◆ **SUPPLIED DATA**
▼
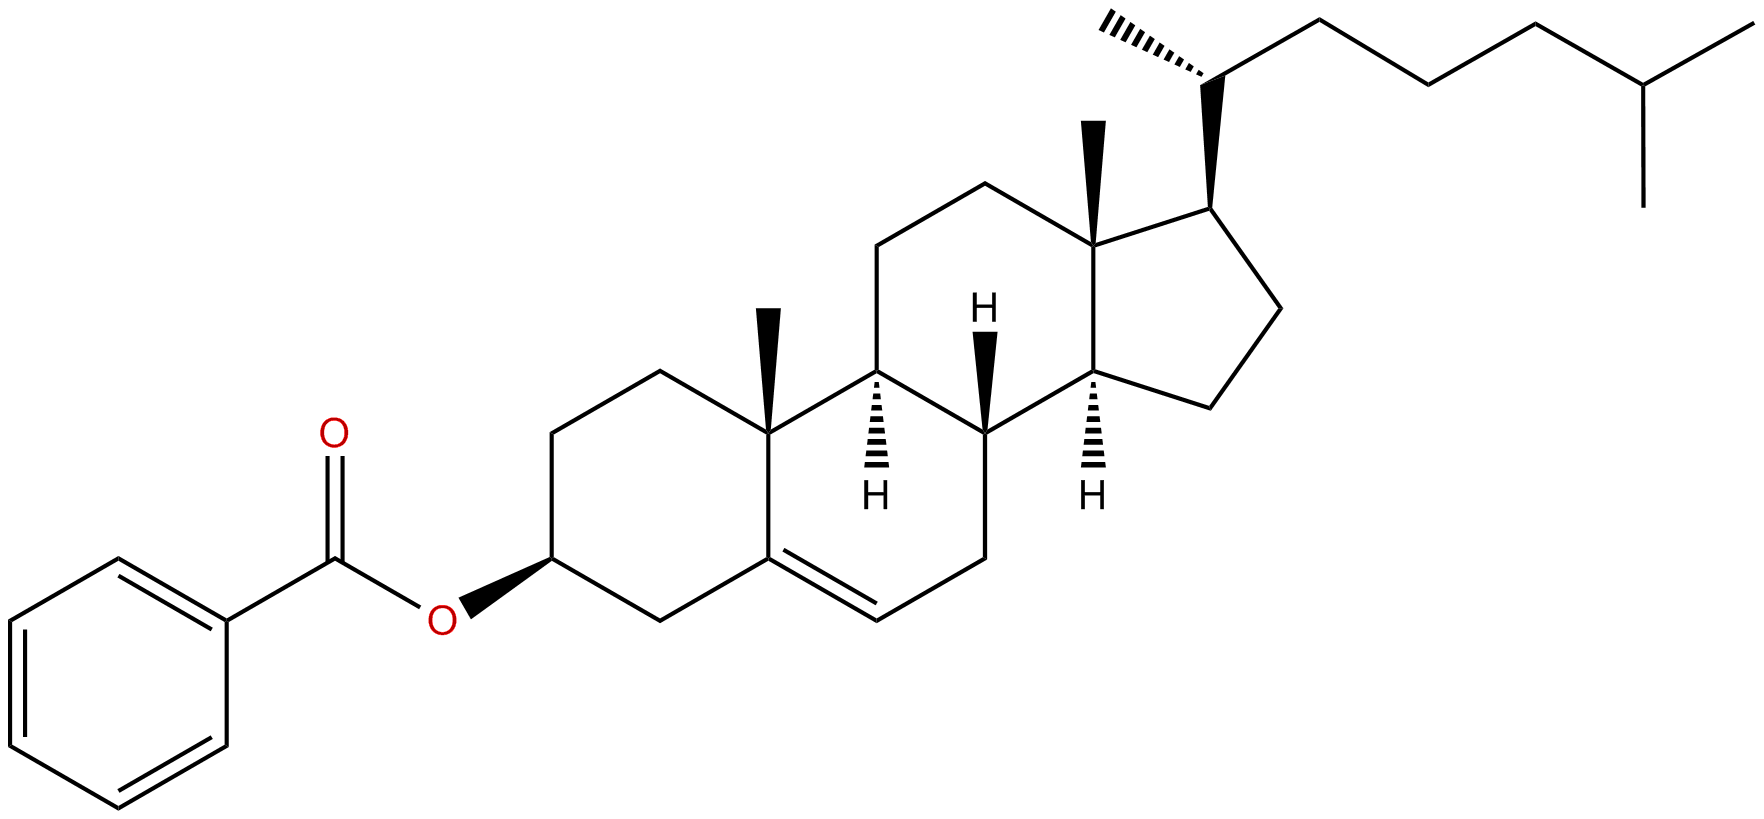 Image of cholesteryl benzoate
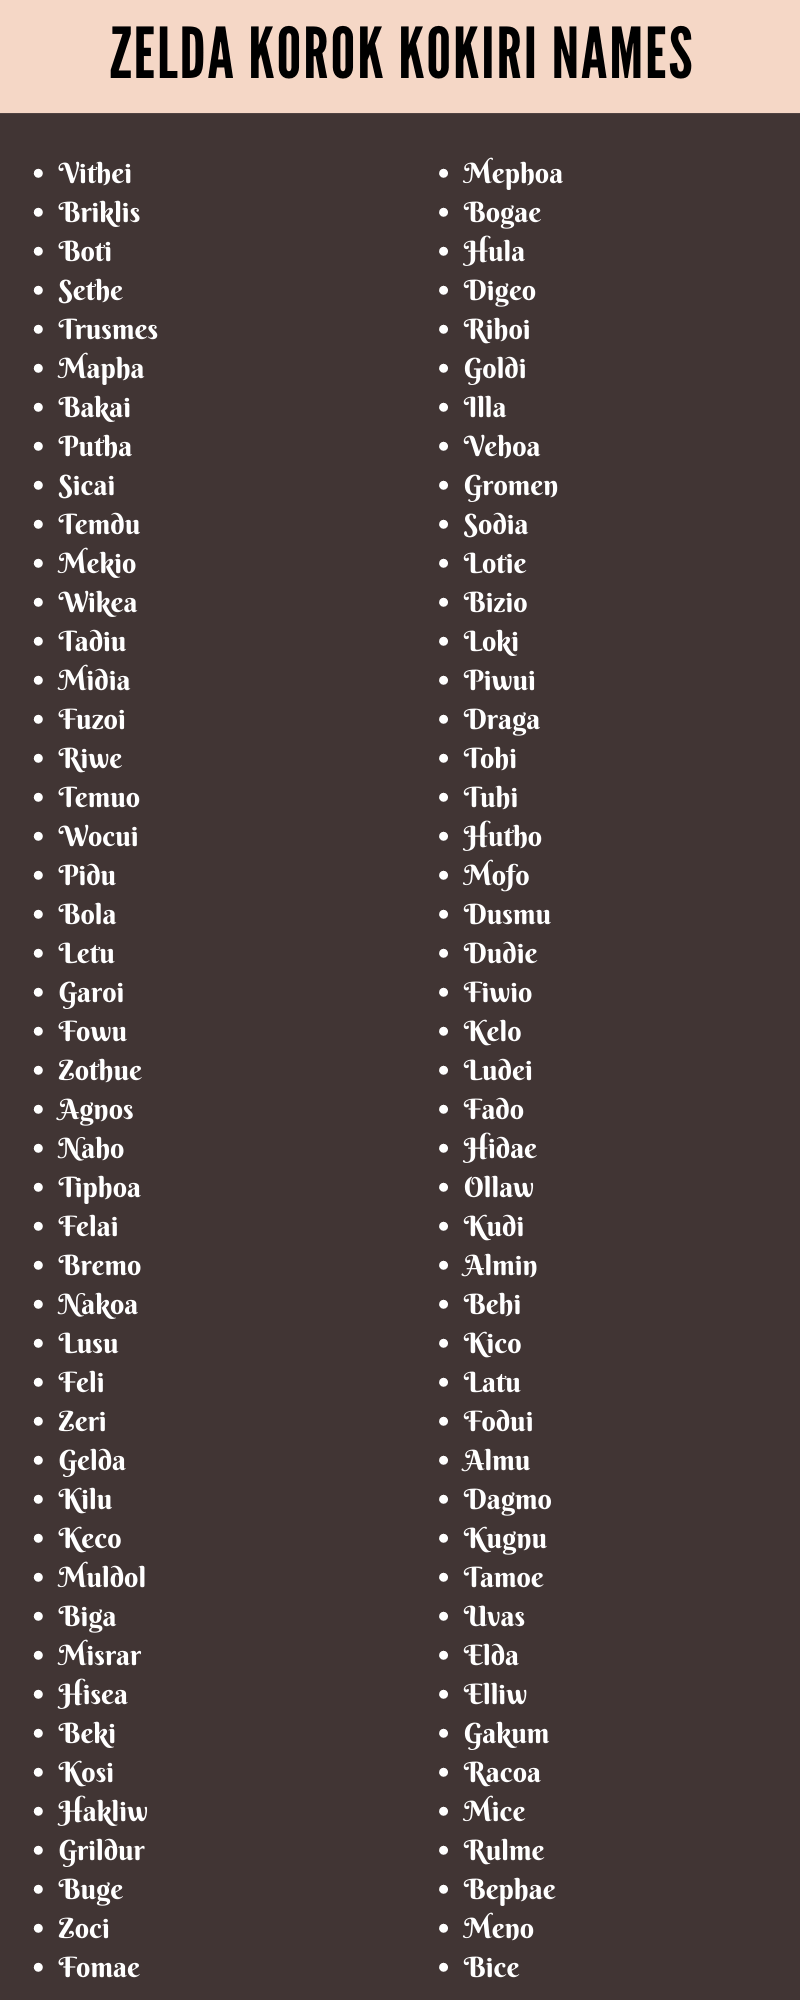 Zelda Korok Kokiri Names
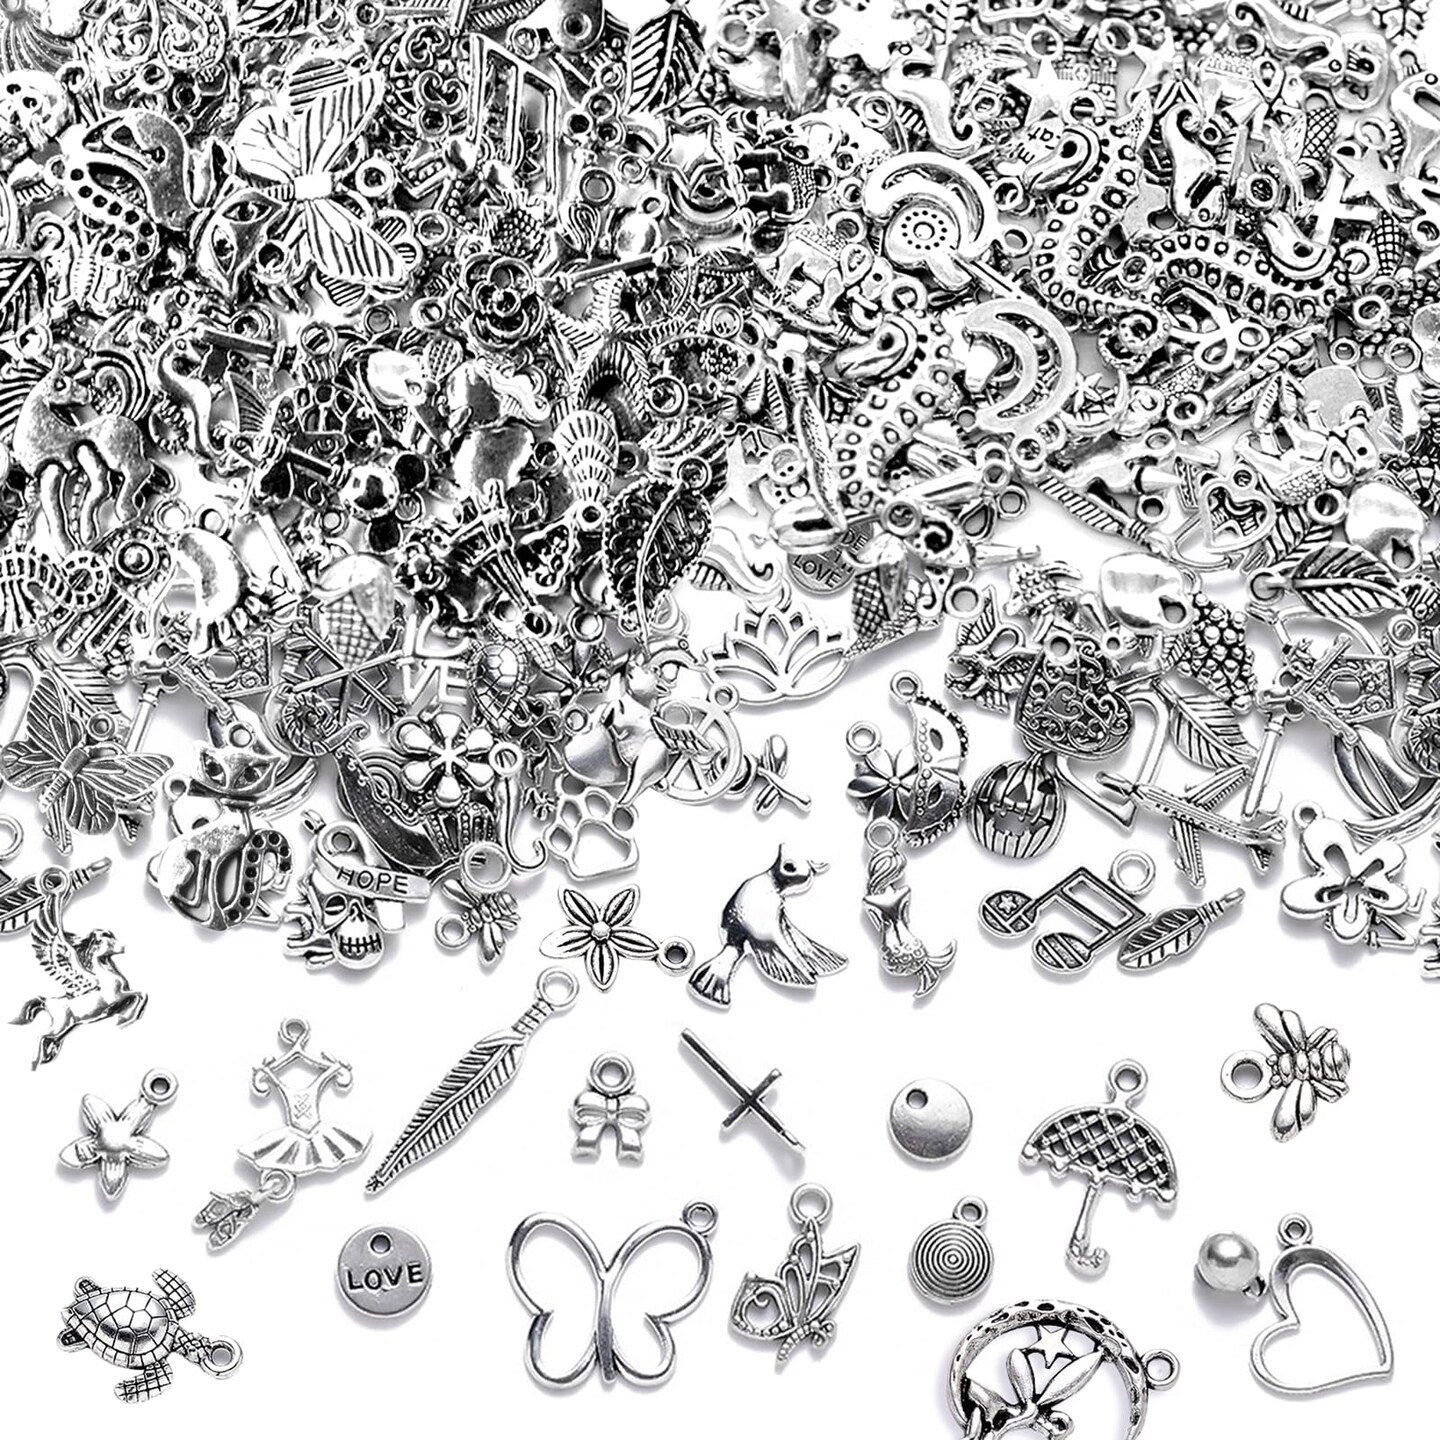 NEPAK 400PCS Wholesale Bulk Lots Jewelry Making Silver Charms
▲
◆ **TO DO**
Restate the data exactly, though only from the line that contains "Zelda Korok Kokiri Names" through its last line, both ends included and with the pictures left out.

◆ **SOLUTION TO THE PROBLEM**
 Zelda Korok Kokiri Names
 NEPAK 400PCS Wholesale Bulk Lots Jewelry Making Silver Charms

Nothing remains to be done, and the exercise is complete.